Selain itu, pembengkakan yang relatif besar jelas akan mengganggu fungsi
mata. Artinya, kendati tidak sampai menimbulkan kebutaan, namun pandangan
jadi kabur karena terganggunya pembiasan cahaya.
Bila kompres mata sudah dilakukan
beberapa kali namun rasa mengganjal di kelopak mata tak kunjung hilang,
atau bahkan ada benjolan lain yang kian membesar, sebaiknya segera bawa ke
dokter untuk mendapatkan beberapa penanganan berikut:
* Tetes mata
Tetes mata yang diresepkan umumnya adalah
tetes mata yang mengandung antibiotik dan steroid. Untuk anak yang lebih
kecil, tetes mata ini lebih mudah digunakan. Misalnya diakali dengan
menunggunya sampai tertidur lalu meneteskannya sesuai anjuran di ujung
matanya, kemudian tarik sedikit bagian bawah mata, hingga tetesannya ikut
mengalir mengenai bola mata.
* Salep
Salep adalah pilihan selanjutnya bagi
anak yang sudah lebih besar atau orang dewasa. Salep mata yang diresepkan
biasanya juga mengandung antibiotik dan steroid.
* Obat oral
Bila dirasa kurang, dokter akan
menambahkan antibiotik yang dikonsumsi secara oral alias diminum selain
salep mata dan tetes mata tadi.
OPERASI
SEBAGAI SOLUSI
Bila bintitan sudah terlalu besar atau
yang bersangkutan memang sering sekali bintitan, umumnya obat tetes/salep
dan antibiotik yang dikonsumsi oral tak lagi memadai. Kalau sudah begini,
biasanya dokter akan menyarankan operasi. Tak perlu membayangkannya
sebagai operasi besar karena operasi ini sebenarnya adalah pembedahan
kecil (1-2 cm) di tempat munculnya benjolan. Kemudian dengan alat khusus (semacam
"sendok"), isi benjolan akan "dikerok" untuk dibuang.

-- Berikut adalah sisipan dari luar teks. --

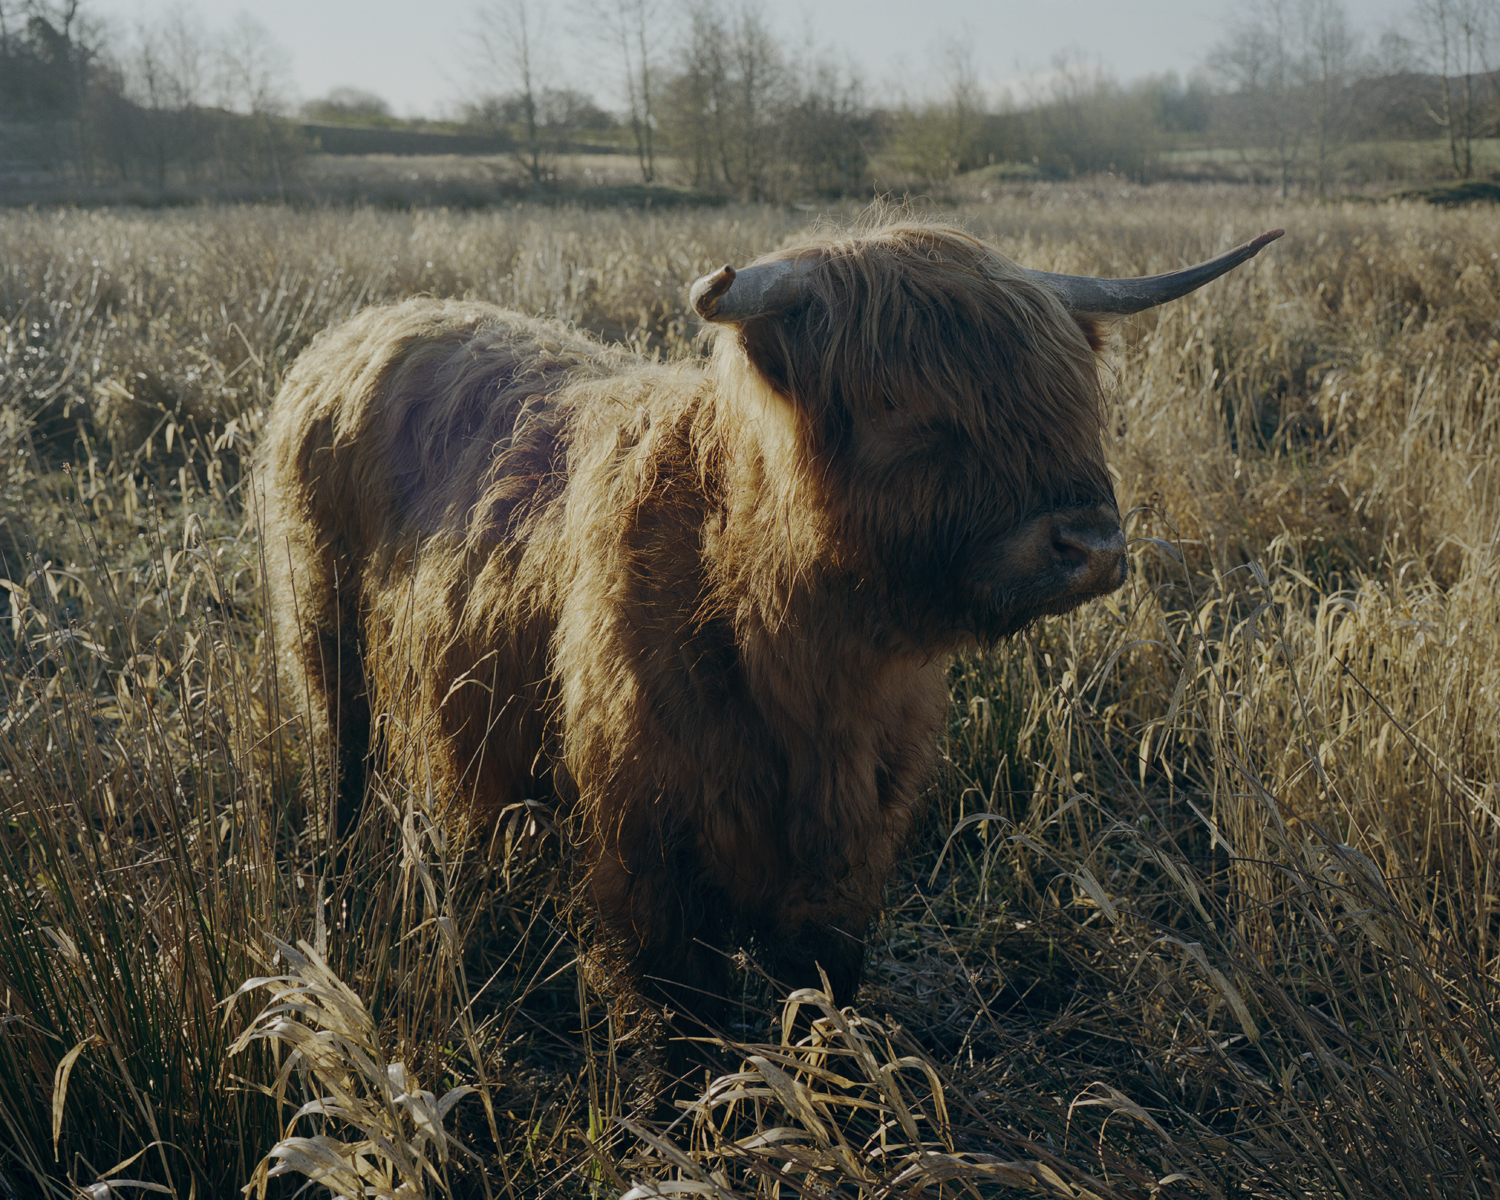 A Scottish Highland cow bred in Northumberland, England.

Bila benjolan ada di luar kelopak mata,
sayatan bisa dilakukan dari luar. Akan tetapi kalau benjolan tersebut di
dalam, maka kelopak mata harus "dibalik" dan dijepit sebelum
dilakukan sayatan. Setelah selesai, sementara waktu mata akan ditutup
dengan perban guna mencegah agar tidak terjadi perdarahan lebih lanjut.
Adapun anestesi yang digunakan untuk anak
yang sudah relatif besar atau orang dewasa adalah bius lokal, yakni hanya
di sekitar tempat sayatan. Namun untuk anak yang masih kecil, biasanya
akan dilakukan bius umum karena dikhawatirkan ia akan meronta kesakitan.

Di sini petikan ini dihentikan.